Siguieron discutiendo ante el portal del alto edificio de Fleet Street, cuyo letrero luminoso, que se elevaba por encima del tejado, anunciaba en palabras flamígeras Daily Runner, mientras el taxímetro marcaba el paso de los eones y los eones iban sumando peniques. Desde la acera, contempló la construcción enorme e inescrutable y pensó que, en alguno de sus rincones más secretos, el gran lord Ottercove, inmóvil como una araña, lo estaría esperando en el vestíbulo, mientras la manecilla negra del reloj se acercaba a la hora fijada para la entrevista.

Tras dejar a Eva en el taxi, se alejó con una premura poco natural, a paso harto confiado, para enfrentarse a un conserje con galones que escuchó con ligera pero genuina sorpresa la noticia de que el visitante tenía una cita con su señoría. Celoso como san Pedro del acceso a Dios, el portero le dio un formulario que debía rellenar con información biográfica y del carácter general de la visita: dicho formulario lo precedería hasta el destino deseado. El solicitante, mientras tanto, debía esperar a que se ratificara la exaltada entrevista.
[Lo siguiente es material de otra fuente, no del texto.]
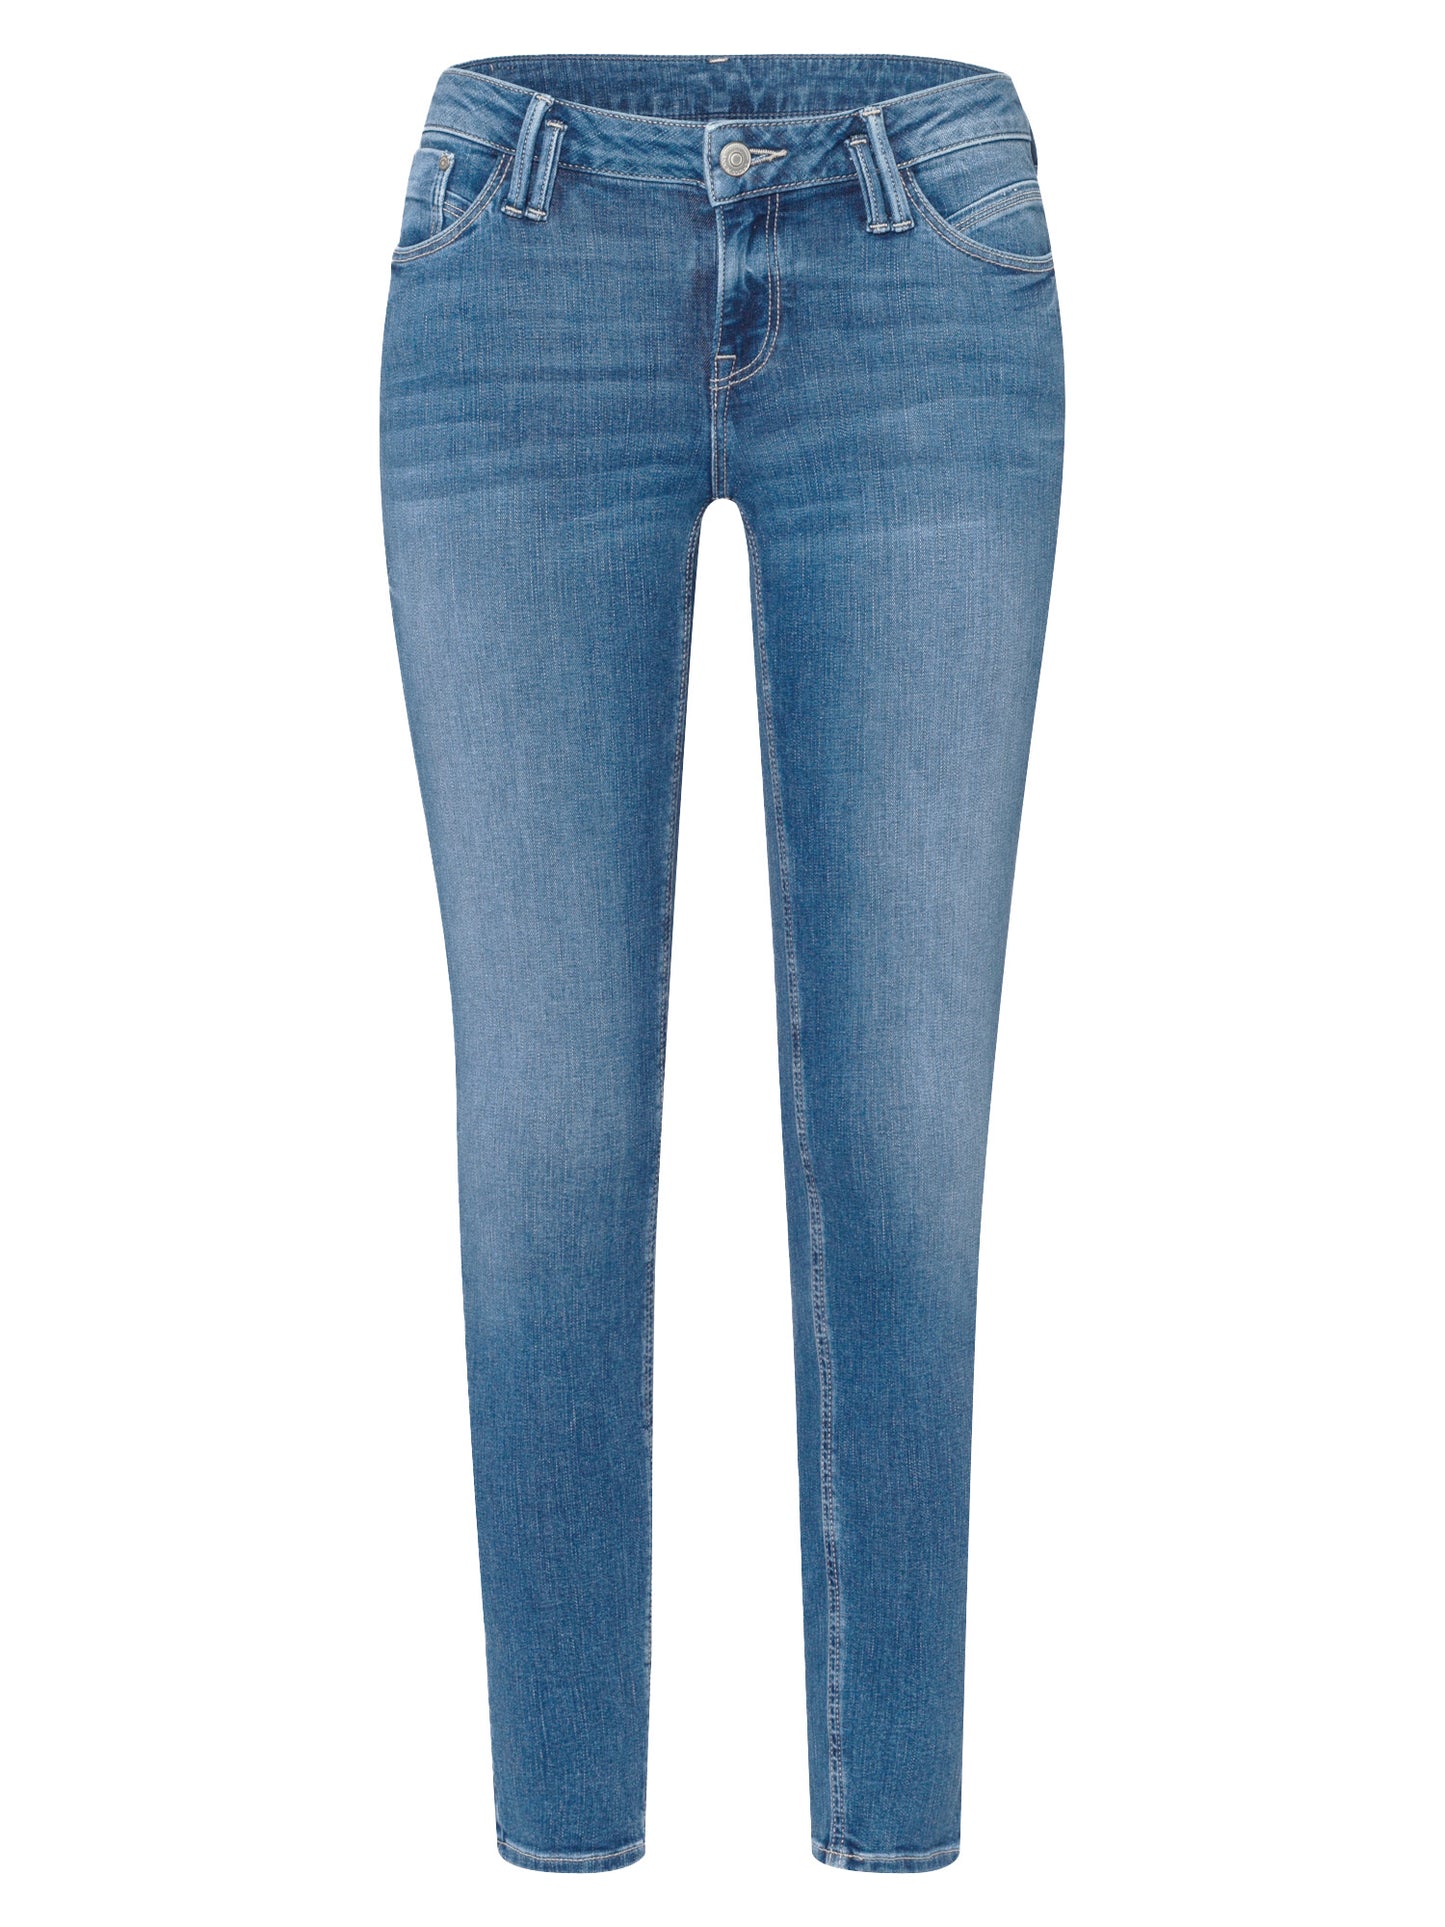 Giselle Damen Jeans Super Skinny Fit Mid Waist Ankle Lenght hellblau

Una vez obtenida la confirmación, el fiel portero confió al joven visitante a un ascensorista, que, tras llevarlo varias plantas arriba, lo transfirió a otro camarada, que, finalmente, lo llevó hasta un tercero. Cada uno de los ascensoristas a los que se confiaba su persona parecía más exclusivo y tenía modales más solemnes y al mismo tiempo más deferentes que su predecesor: la marca de quien habita en las alturas, inmune a los asuntos de los simples mortales. Subían y subían, cada vez más alto, hasta que las puertas del ascensor volvieron a abrirse y él pasó a manos de un botones que, evidentemente, se hallaba muy lejos de la raza de insignes ascensoristas. Este le pidió que lo acompañara unos pocos escalones arriba -la última escalera dorada hacia el cielo-, hasta un descansillo donde lo desembarazó de su burdo abrigo, lo invitó a subir otros tres peldaños alfombrados y, solicitándole que esperara, llamó reverentemente a la puerta.